The first step is to put in place a system to track performance. This requires a session to agree targets and KPIs for the function. These typically include:

  • equipment availability
  • maintenance budget
  • other resources required

The next step is to set regular and formal reviews of performance using Results-Action-Reviews (RAR) at all levels of the maintenance department. A RAR consists of the following steps:

1. Review results – did it work? How are the KPIs tracking?
2. Review actions – did we do what we said we’d do?
3. Agree future results and actions
4. Prioritise future actions
5. Assign resources to advance highest priorities
6. Communicate key information

This creates a closed loop to review performance by tracking actual KPI results against targets, using pareto charts to highlight problems and taking appropriate actions. This is then followed with supervisors doing effective short interval control to ensure, for example, that actions don’t slip into the next day.

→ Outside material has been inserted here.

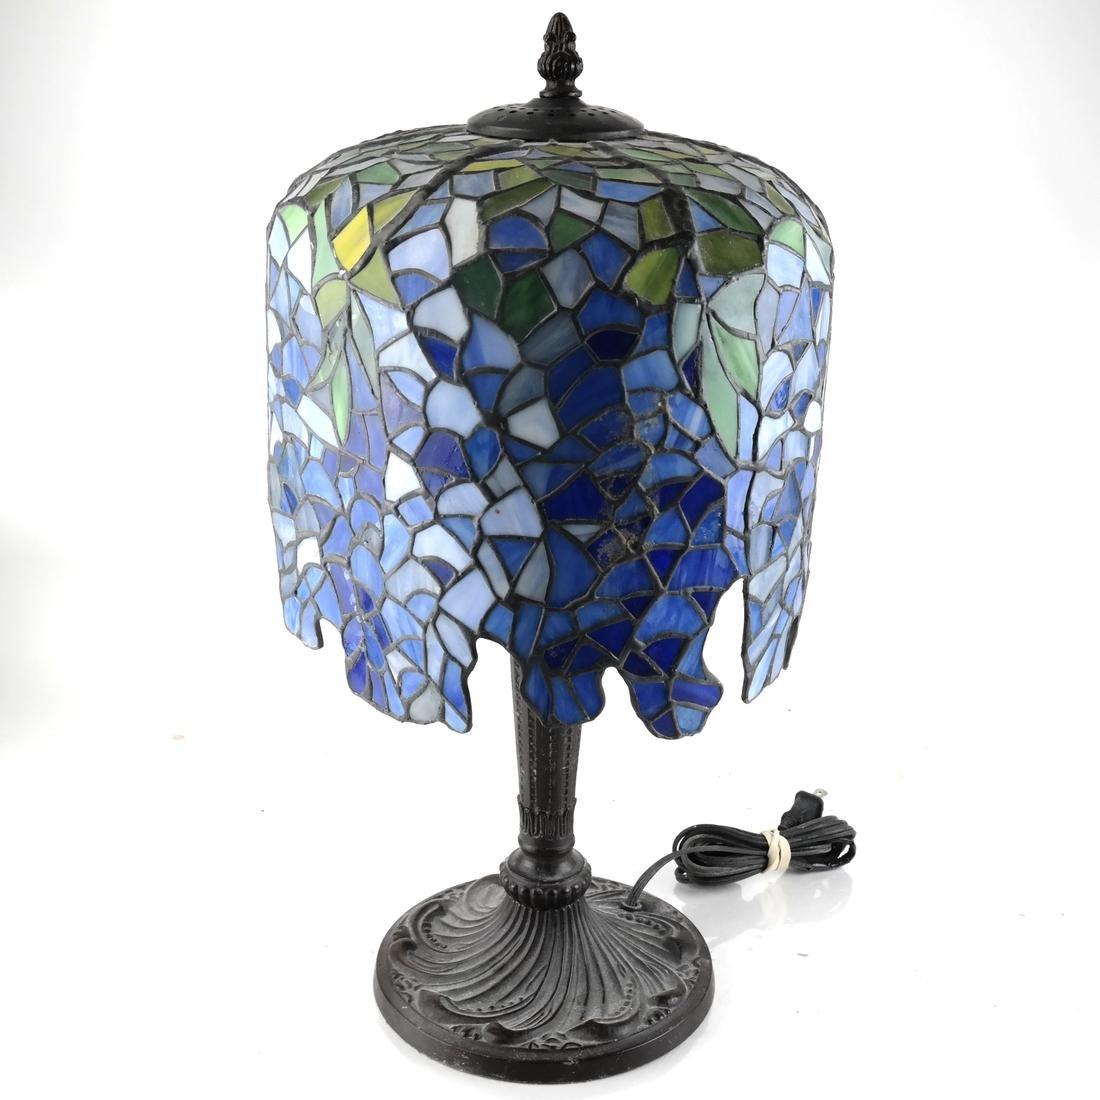 Tiffany-Style Wisteria Design Table Lamp

There is a misconception that predictive maintenance is unduly costly: that it costs more for regularly scheduled downtime and maintenance than to operate equipment to the point of failure.

This may be true for some components; however, it’s important to compare not only direct costs, but also the long-term benefits associated with predictive maintenance, including avoided costs for lost production time, and savings due to increased effective equipment service life.

Good predictive maintenance may cost a little more up front, but it keeps a very costly horse from bolting down the track.